Township in Pennsylvania, US

Pine Township is a township that is located in Indiana County, Pennsylvania, United States. The population was 1,881 at the time of the 2020 census.

The township includes the communities of Alverda, Heilwood, Mentcle (previously Penn Mary), Nolo, Pineton, and Strongstown.

== History ==
The land that would eventually become Pine Township was settled circa 1823. It was separated from Wheatfield Township during the 1850s and subsequently incorporated.

In 1827, St. Patrick's Church was built in Pine Township, becoming the oldest Catholic Church in Indiana County.

==Geography==
According to the United States Census Bureau, the township has a total area of 31.0 square miles (80.4 km^{2}), all land.

==Demographics==

As of the census of 2000, there were 2,140 people, 815 households, and 621 families residing in the township. The population density was 69.0 PD/sqmi. There were 894 housing units at an average density of 28.8 /sqmi. The racial makeup of the township was 99.16% White, 0.09% African American, 0.09% Native American, and 0.65% from two or more races. Hispanic or Latino of any race were 0.23% of the population.

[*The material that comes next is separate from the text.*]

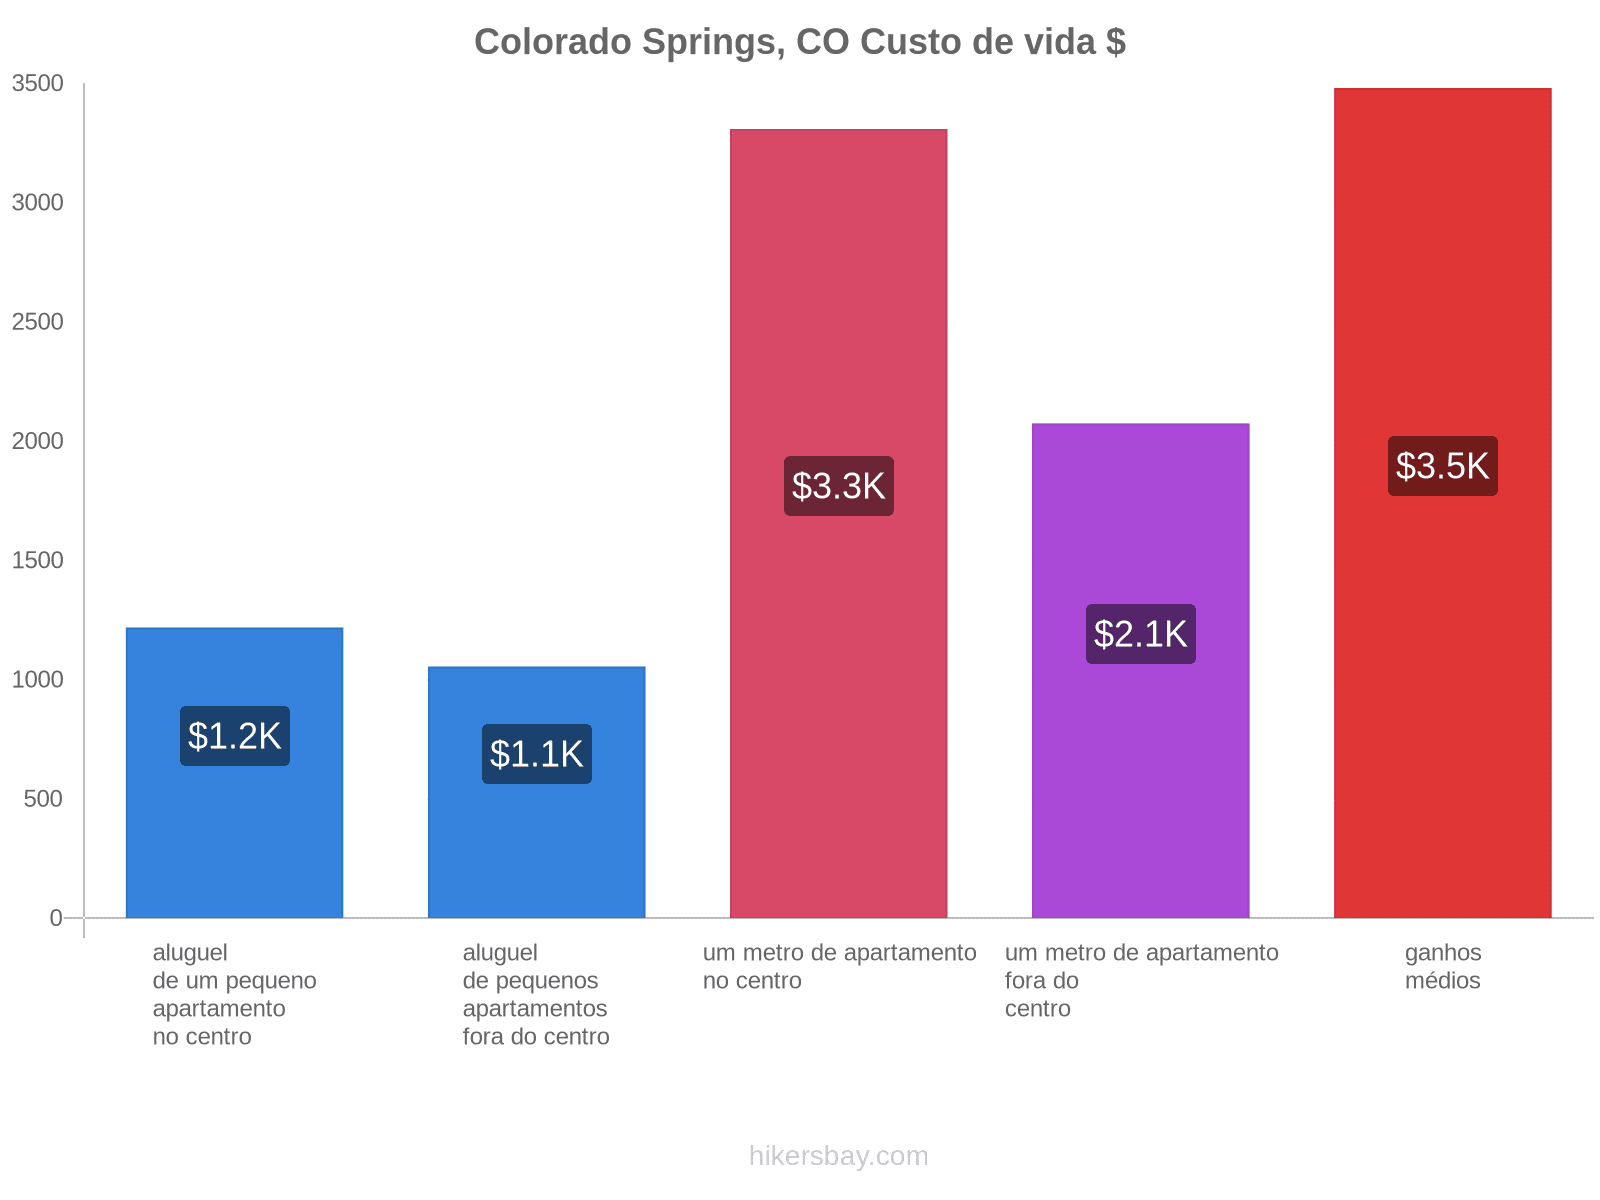 Colorado Springs, CO custo de vida hikersbay.com

There were 815 households, out of which 33.6% had children under the age of 18 living with them, 61.7% were married couples living together, 9.8% had a female householder with no husband present, and 23.8% were non-families. 21.0% of all households were made up of individuals, and 11.3% had someone living alone who was 65 years of age or older. The average household size was 2.63 and the average family size was 3.05.

In the township the population was spread out, with 24.9% under the age of 18, 8.9% from 18 to 24, 28.5% from 25 to 44, 23.5% from 45 to 64, and 14.3% who were 65 years of age or older. The median age was 38 years. For every 100 females, there were 97.1 males. For every 100 females age 18 and over, there were 93.7 males.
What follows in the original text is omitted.